2. Sample Size Used for the Test Set and Data Provenance:

The provided document does not mention a specific "test set" or its sample size for evaluating the performance of the new transducer models. The study primarily relies on demonstrating substantial equivalence to a previously cleared predicate device.

• Data Provenance: Not explicitly stated for a dedicated test set. The submission focuses on nonclinical performance data related to compliance with various international standards, rather than direct human subject testing for the new transducer models.

3. Number of Experts and Qualifications for Ground Truth:

Not applicable. The document states that "The Clarius Ultrasound Scanner did not require clinical testing to establish substantial equivalence." Therefore, no experts were used to establish ground truth for a clinical test set. The substantial equivalence argument is based on technical specifications and adherence to recognized standards.

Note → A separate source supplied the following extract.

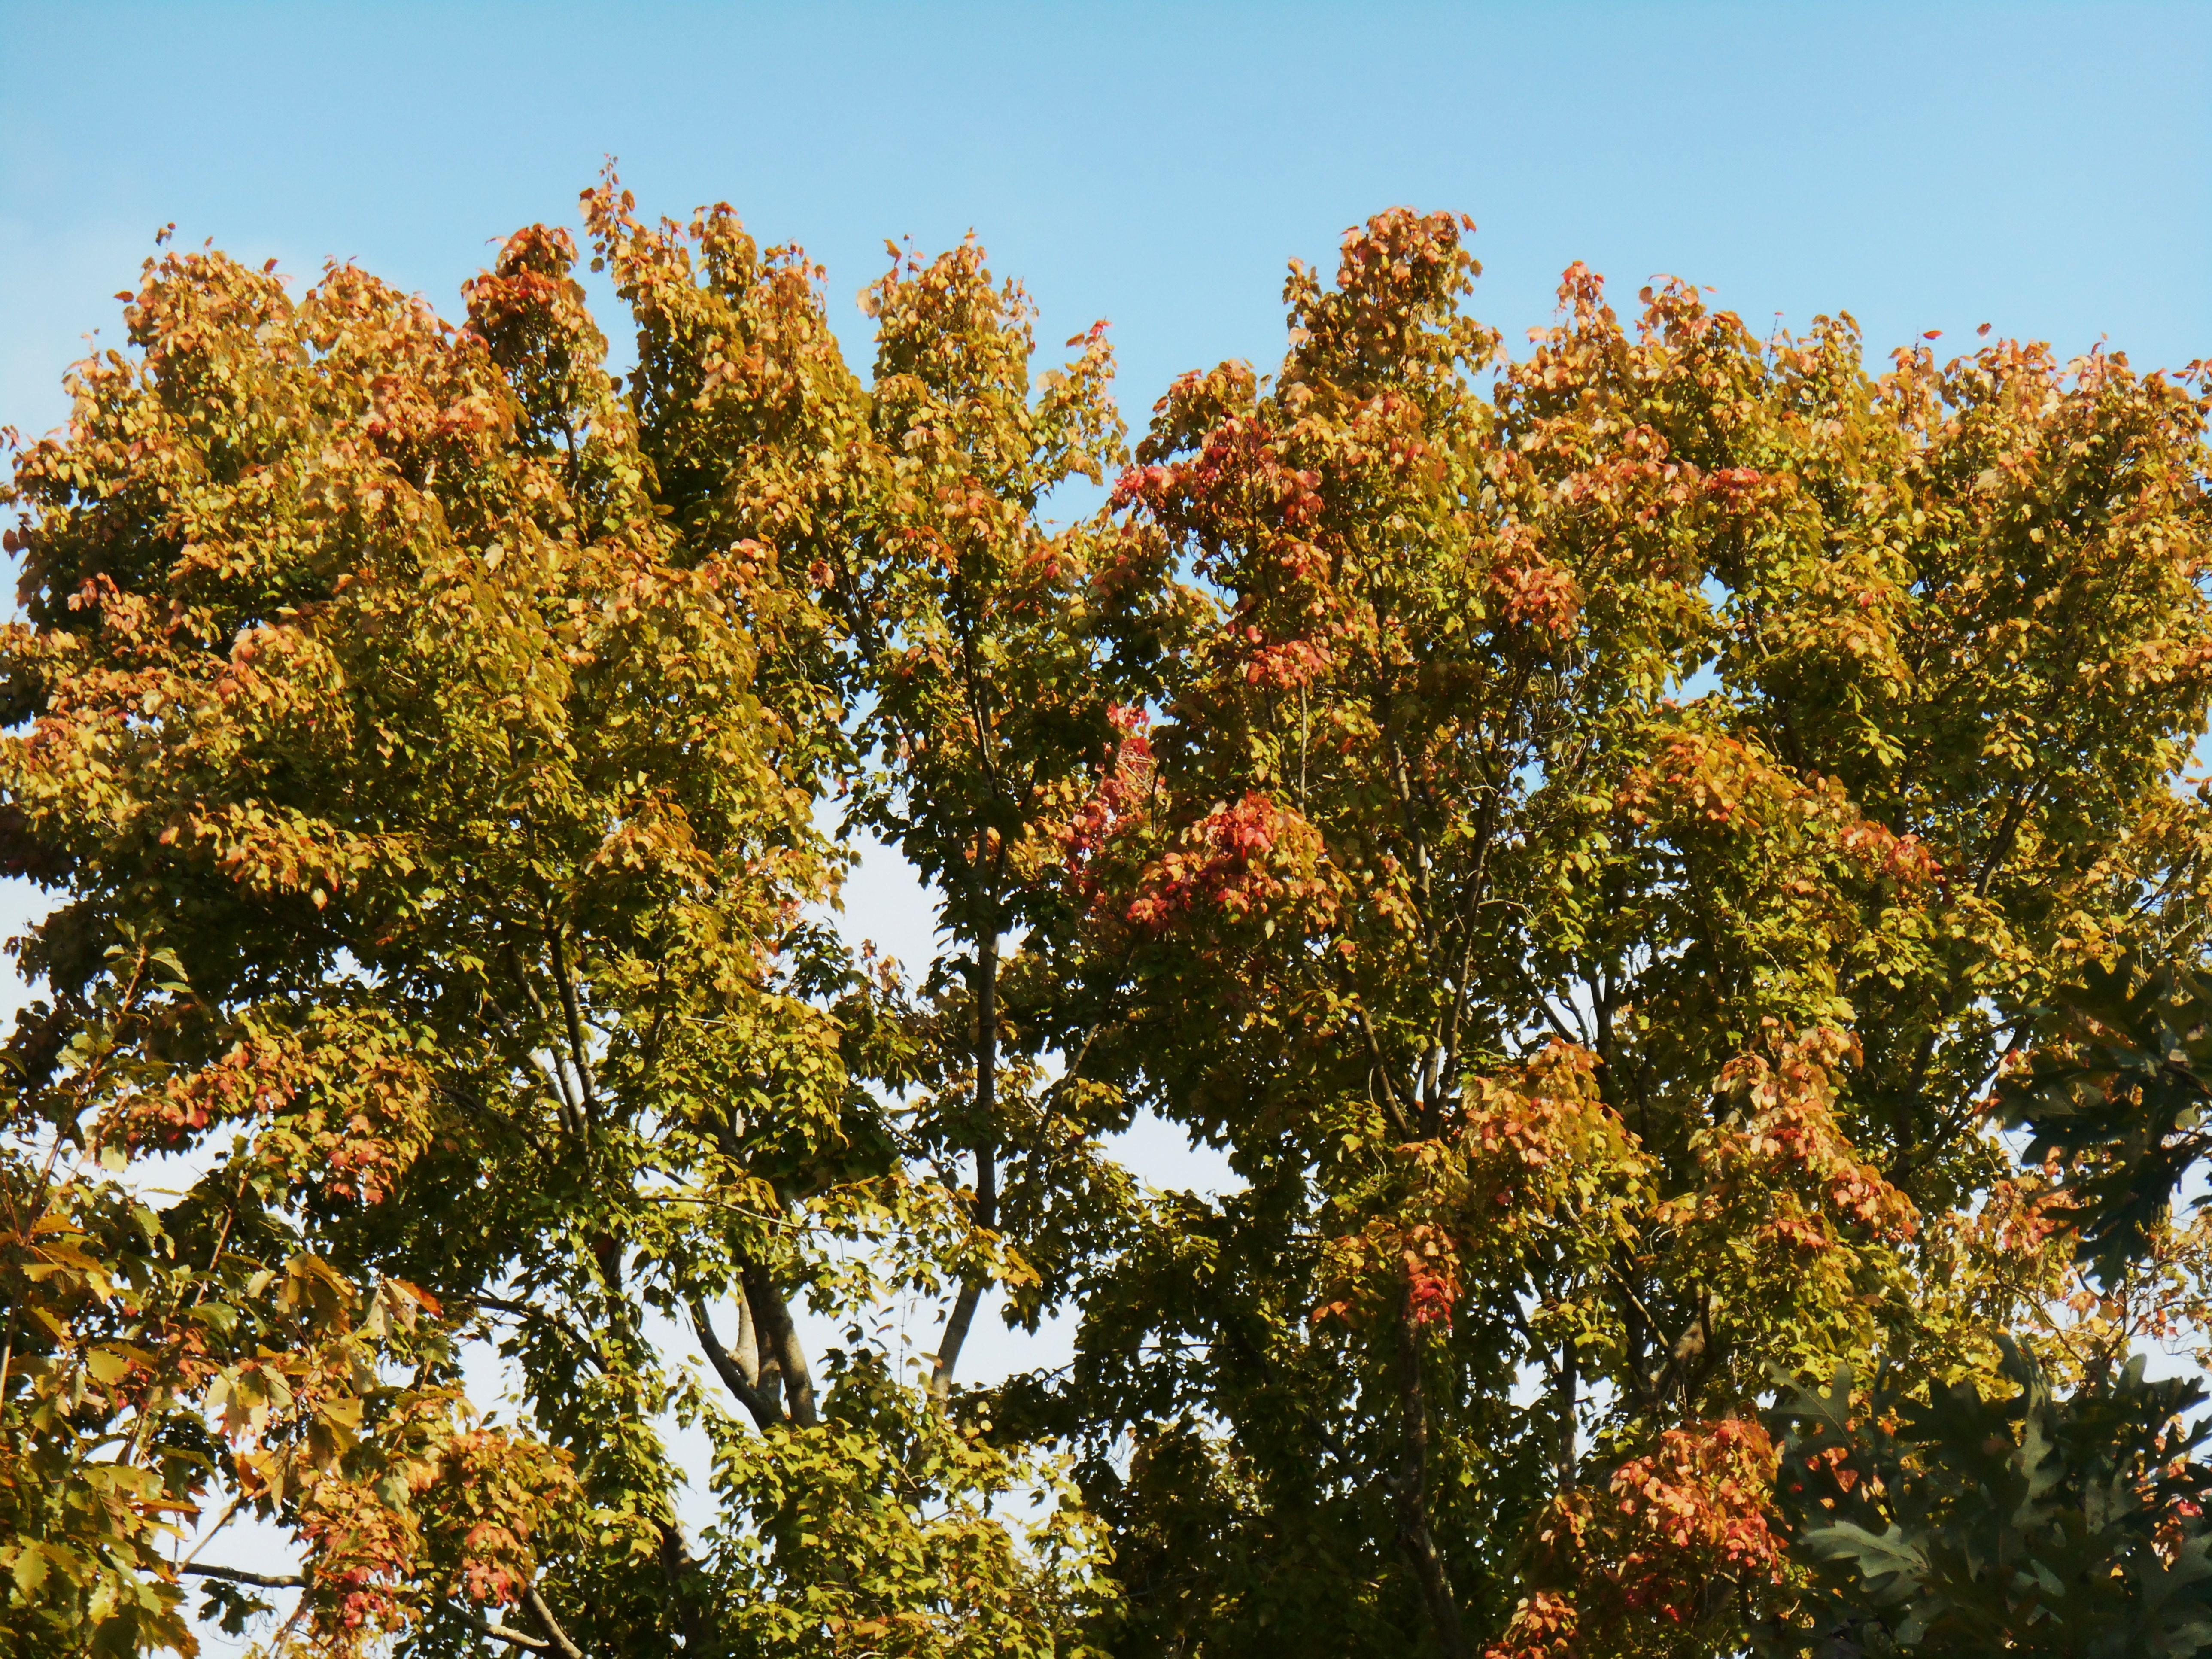 October 23, 2015 trees 024

4. Adjudication Method for the Test Set:

Not applicable, as no clinical test set requiring expert adjudication was conducted or described in the provided information.

5. Multi-Reader Multi-Case (MRMC) Comparative Effectiveness Study:

No MRMC comparative effectiveness study was mentioned or performed as per the provided document. The submission focuses on comparing the new device models to a predicate device based on technical and functional equivalence.

6. Standalone Performance Study (Algorithm Only):

The document does not describe a standalone algorithm-only performance study. The "Clarius Ultrasound Scanner" is described as a comprehensive ultrasound imaging system, not a device primarily driven by an AI algorithm requiring standalone performance evaluation in the context of this submission. The device is software-based but its performance evaluation within this 510(k) submission is related to hardware compliance and functional equivalence, not AI-driven diagnostic performance that would necessitate standalone algorithm studies.

7. Type of Ground Truth Used:

Not applicable. As clinical testing was not required for substantial equivalence, no clinical ground truth (e.g., expert consensus, pathology, outcomes data) was established or used for the evaluation of the subject device in this submission. The "ground truth" for the device's capabilities is implicitly established by its adherence to recognized industry standards for medical electrical equipment and its equivalence to the predicate device’s established performance.

8. Sample Size for the Training Set:

Not applicable. The provided information relates to a 510(k) submission for new transducer models, demonstrating substantial equivalence to a predicate device. It does not mention machine learning or AI models requiring a training set for diagnostic or analytical performance.

9. How Ground Truth for the Training Set Was Established:

Not applicable, as no training set for a machine learning or AI model was mentioned in the provided text.